Hi All,
At a customer site, I have created a R80.30 ClusterXL cluster with jumbo take 155 which is working fine. All is OK when checking the cluster with 'cphaprob stat', 'cphaprob -l list' and 'cphaprob -a if'. The connection table is also synced, so the cluster seems OK.
But when we perform a fail-over with 'clusterXL_admin down' on the active member, we loose connections on one specific VLAN. On the other interfaces and VLAN's no problems are reported when we perform a fail-over.
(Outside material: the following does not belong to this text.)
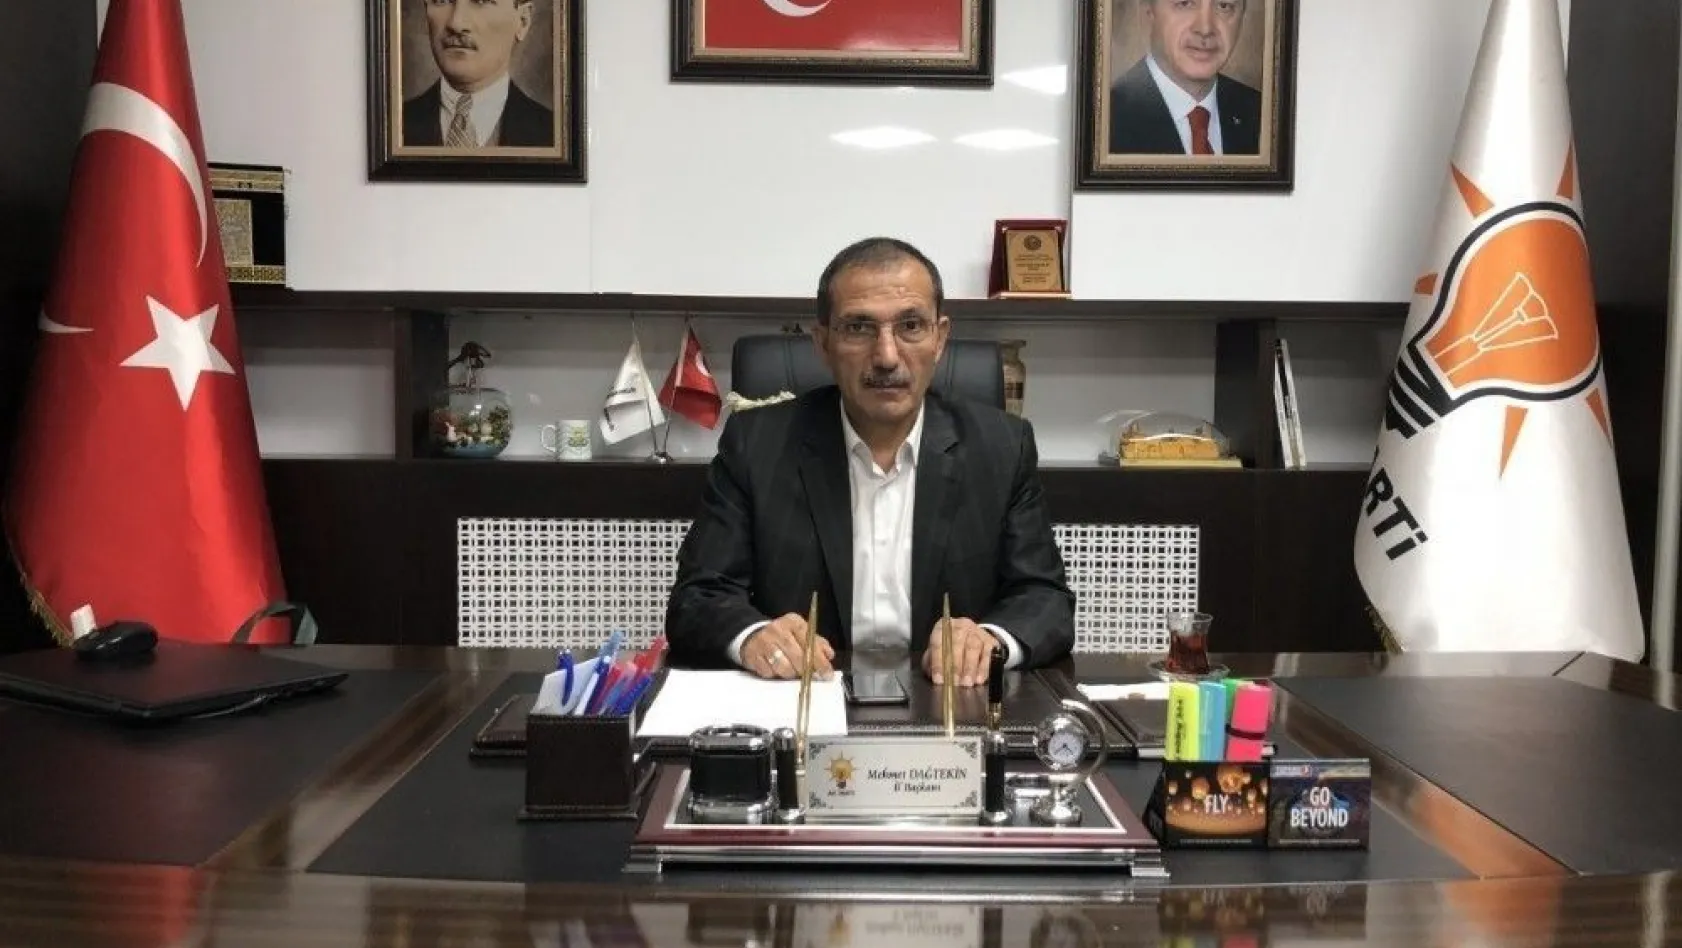 AK Partide belediye başkanlığı aday adaylığı başvuru süresi uzatıldı

Our first impression was the layer 3 devices in that network do not act on the gratuitous ARP being send. But when I manually send a G-ARP into the network, all connections via that VLAN are restored. I used the following to send the G-ARP
echo 1 > /proc/sys/net/ipv4/ip_nonlocal_bind <---- 0=off, 1=on
arping -c 4 -A -I eth3 10.10.10.10
We have a computer with Wireshark in that VLAN and when we perform a fail-over with 'clusterXL_admin down', we do not see the G-ARP packets. When we manually send the G-ARP, we can see these packets in Wireshark.
I have check for know issues with ARP or G-ARP in jumbo hotfixes, but I cannot find anything.
Someone has seen this before? It is very strange because it is on one VLAN only.
Regards,
Martijn